While scenarios such as the one I described may have sparked certain emotions and difficult conversations, I continued to advocate for equal access for the benefit of my community, for the benefit of those who do not yet have the resources to speak out. Every victory is not just a victory for me, but for my community. With that philosophy in mind, I interned with both IBM’s Accessibility team and the National Council on Independent Living, navigated the streets of both Boston and Washington DC, advocated for legislation on Capitol Hill, and traveled to multiple leadership seminars and conventions for disability rights from Florida to Las Vegas, and so on. All the risks that I took, all the mentors, mentees, and friends that I met, carried me to this point in my life.

 

Do not get me wrong, I still make mistakes. There are times when I wish I would have spoken up. For example, just last night, someone silently walked past me while their dog tried to lunge towards my guide dog. I wish I would have told him to speak up when he is passing, and not distract a working dog. There are times when I do not measure the depth of a curb correctly and end up scraping up a knee. There are even times when I keep talking before realizing that the person I am with has walked away. I think most of us have been there. Being blind is not glamorous, nor should it be. What is the fun in doing everything perfectly?
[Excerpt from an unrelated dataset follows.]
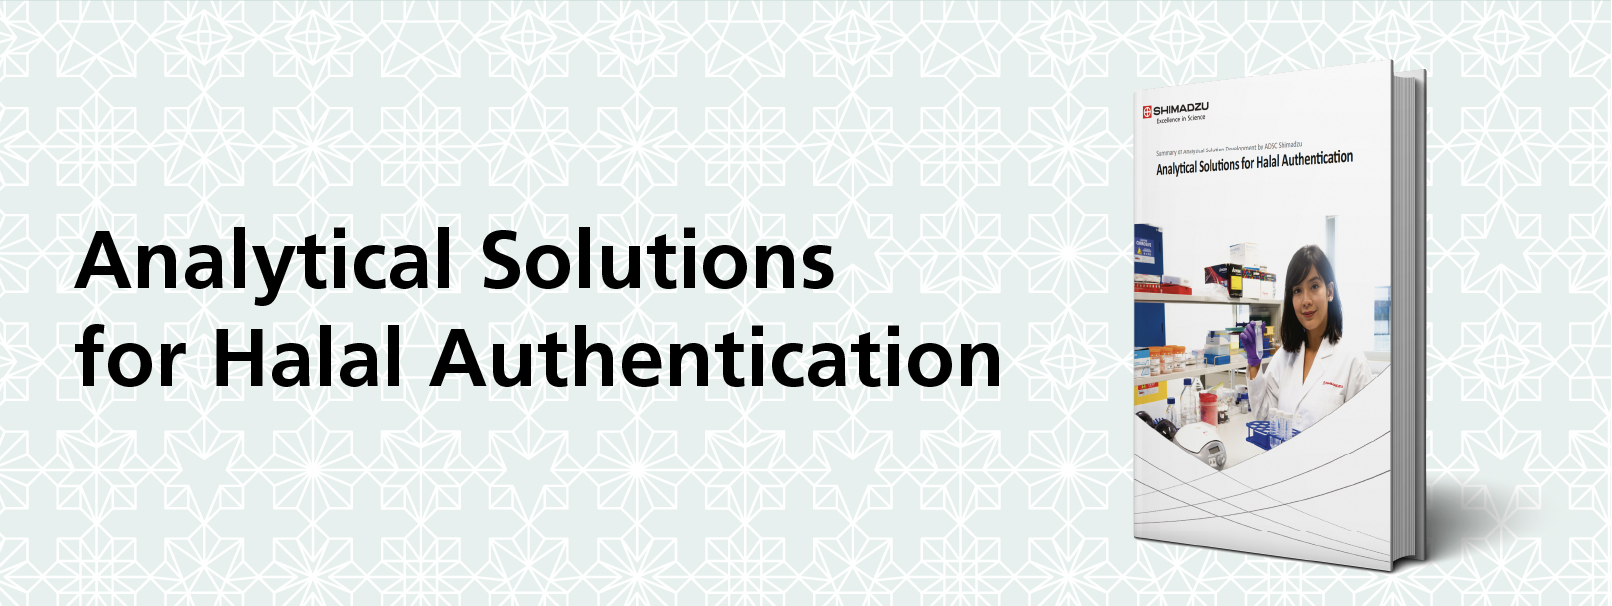 Analytical Solutions for Halal Authentication

How then, would we learn how to take the road less traveled?

 

If you would have asked 10-year-old me, a small-town girl from Connecticut, what accessibility looked like, I would not have had an answer. Now, over a decade later, I am still gathering those answers, but I know for certain that the roots of accessibility lie in community growth, compassion, and perseverance.

 

I am thrilled and honored to serve as the Director of Outreach and Engagement for PCB and represent my fellow peers. I continue to emphasize the importance of individuality, meeting every single person where they are, and helping them move forward in whatever ways suit them best. I continue to build and form new relationships with community partners, such as university disability offices, PAB agencies, centers for independent living, and even local equestrian centers and adaptive sports organizations, in order to spread awareness of PCB and strengthen collaborations for common goals. I continue to brainstorm outreach projects, in which we can educate our communities about topics such as best practices for interacting with blind patients in healthcare settings, public behavior towards service dogs, and accessible voting. As we explore the future, I want to make sure that all our peers’ voices are heard, that we touch on all the issues that are important to you. I want to make sure that even if we cannot meet in person, we can continue to find innovative ways to connect virtually. I believe that community outreach and engagement is the key to sharing our resources, passion and compassion, and combined skill sets. Alone, we are a force to be reckoned with, but together, we are unstoppable. One person can build a bridge with time, but a group can build that bridge faster, and lay the foundation for other bridges along the way. Life is a series of bridges, rivers, mountains, valleys, and other landmarks that have not yet been mapped out, but the world seems a lot less vast when we can traverse that distance together. I am excited for the journey.